**PROBLEM TO SOLVE**
Each line of the data below should be restated exactly, with images left out.

**DATA EXTRACT**
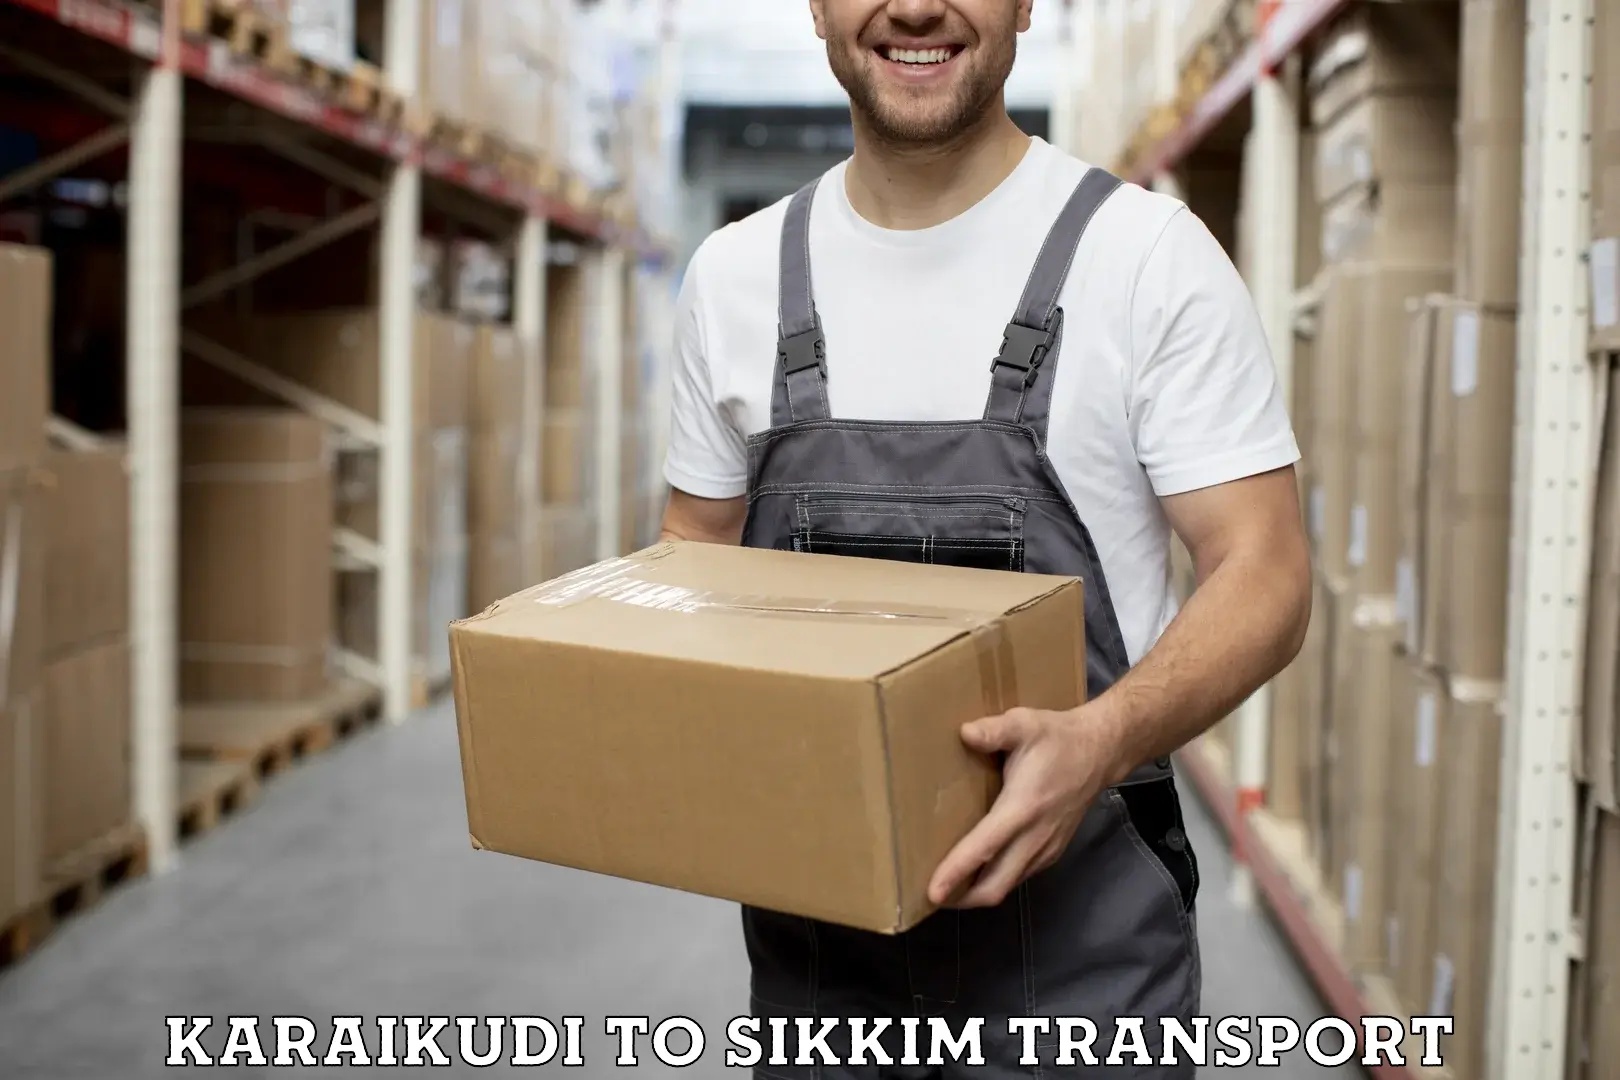 Sending bike to another city Karaikudi to Sikkim
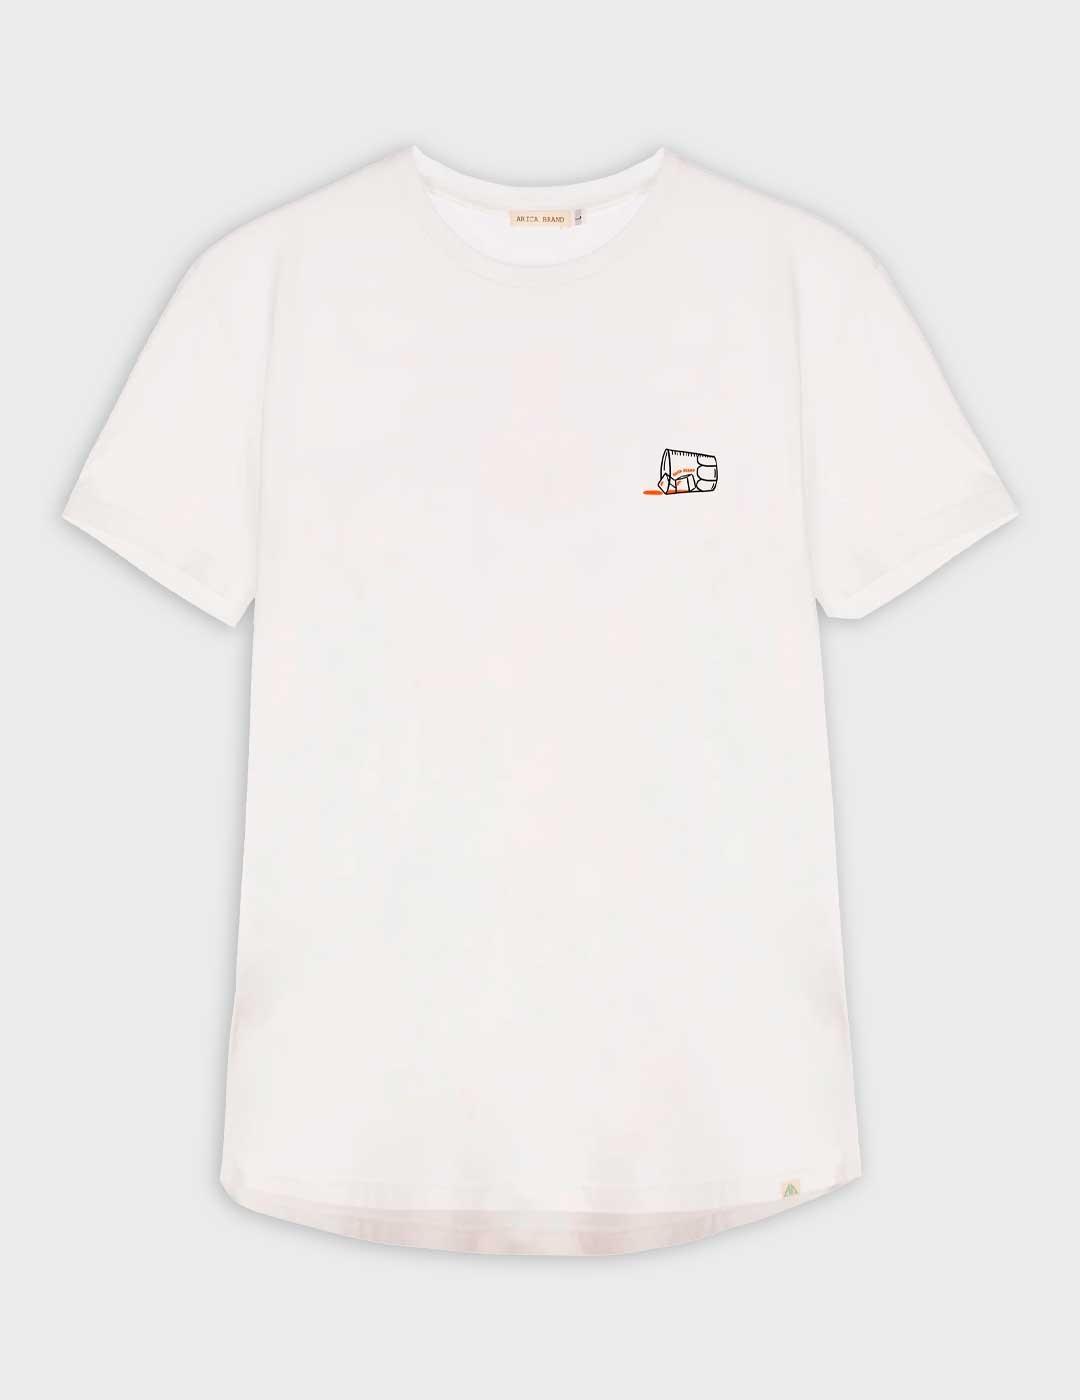 Camiseta Arica Brand Spritz blanca para hombre
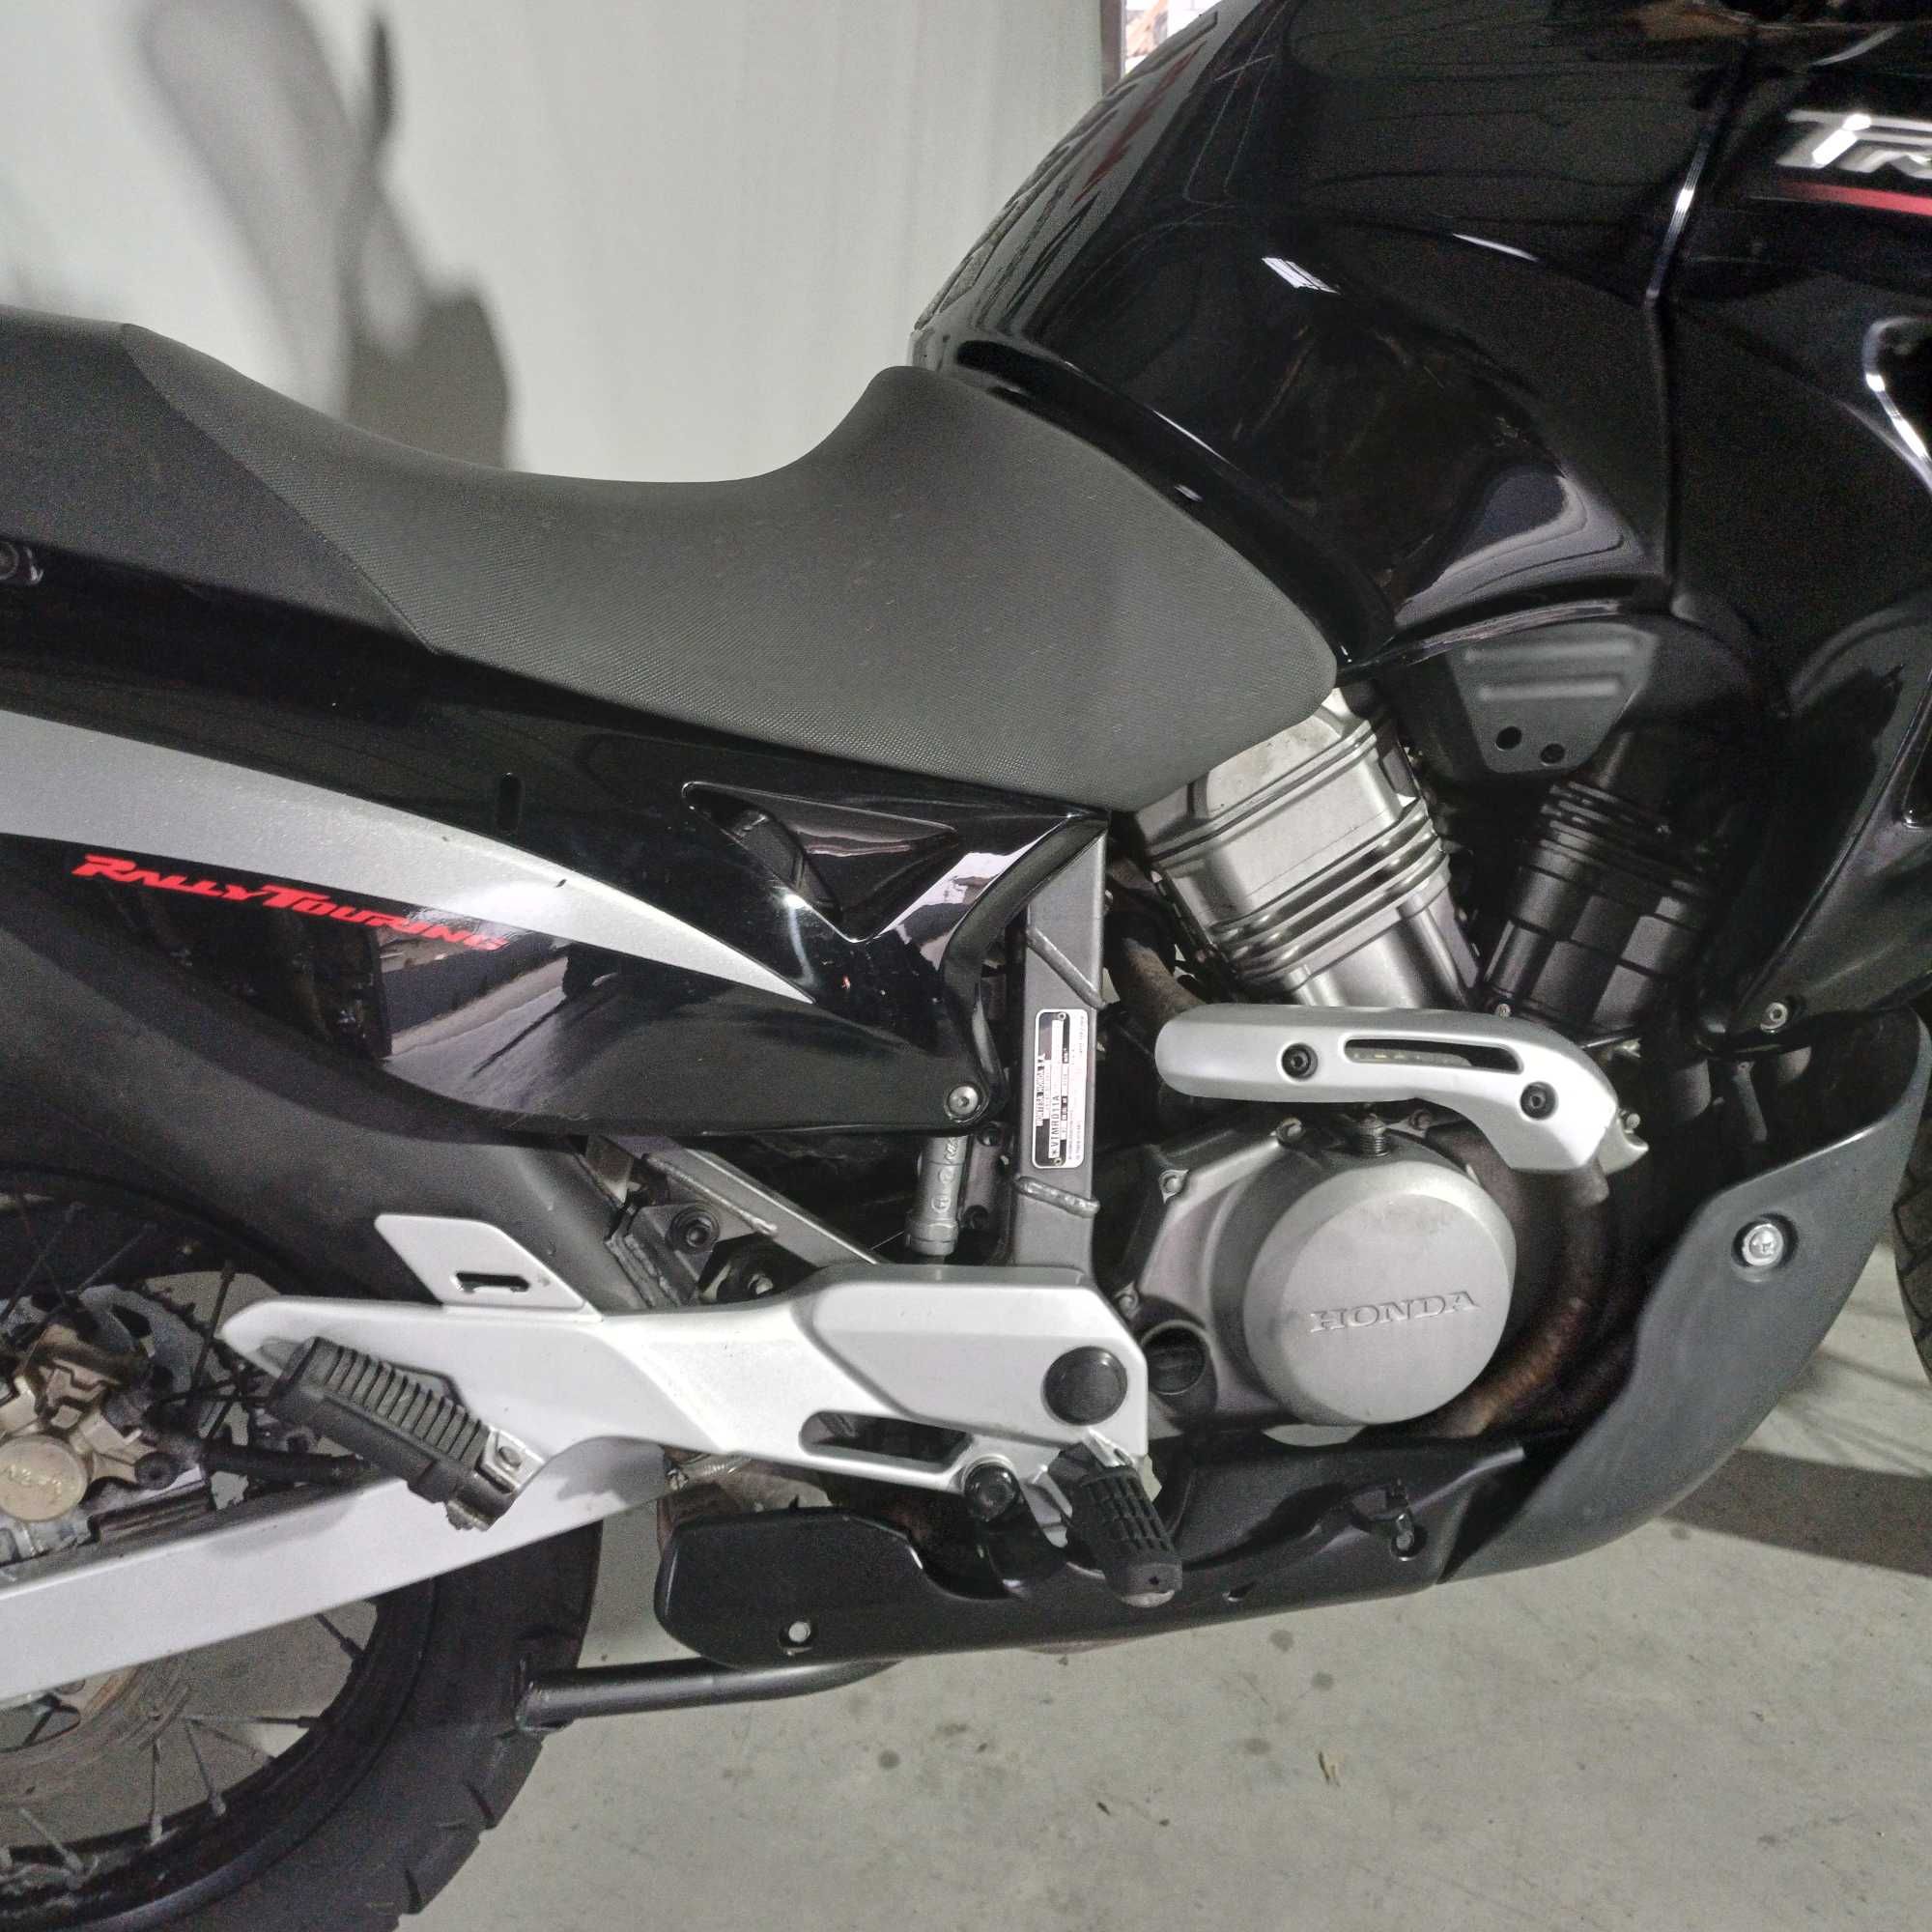 Motocicleta Honda Transalp 650 | H16633 | motomus.ro

**RESULT OF THE EXERCISE**
 Sending bike to another city Karaikudi to Sikkim
 Camiseta Arica Brand Spritz blanca para hombre
 Motocicleta Honda Transalp 650 | H16633 | motomus.ro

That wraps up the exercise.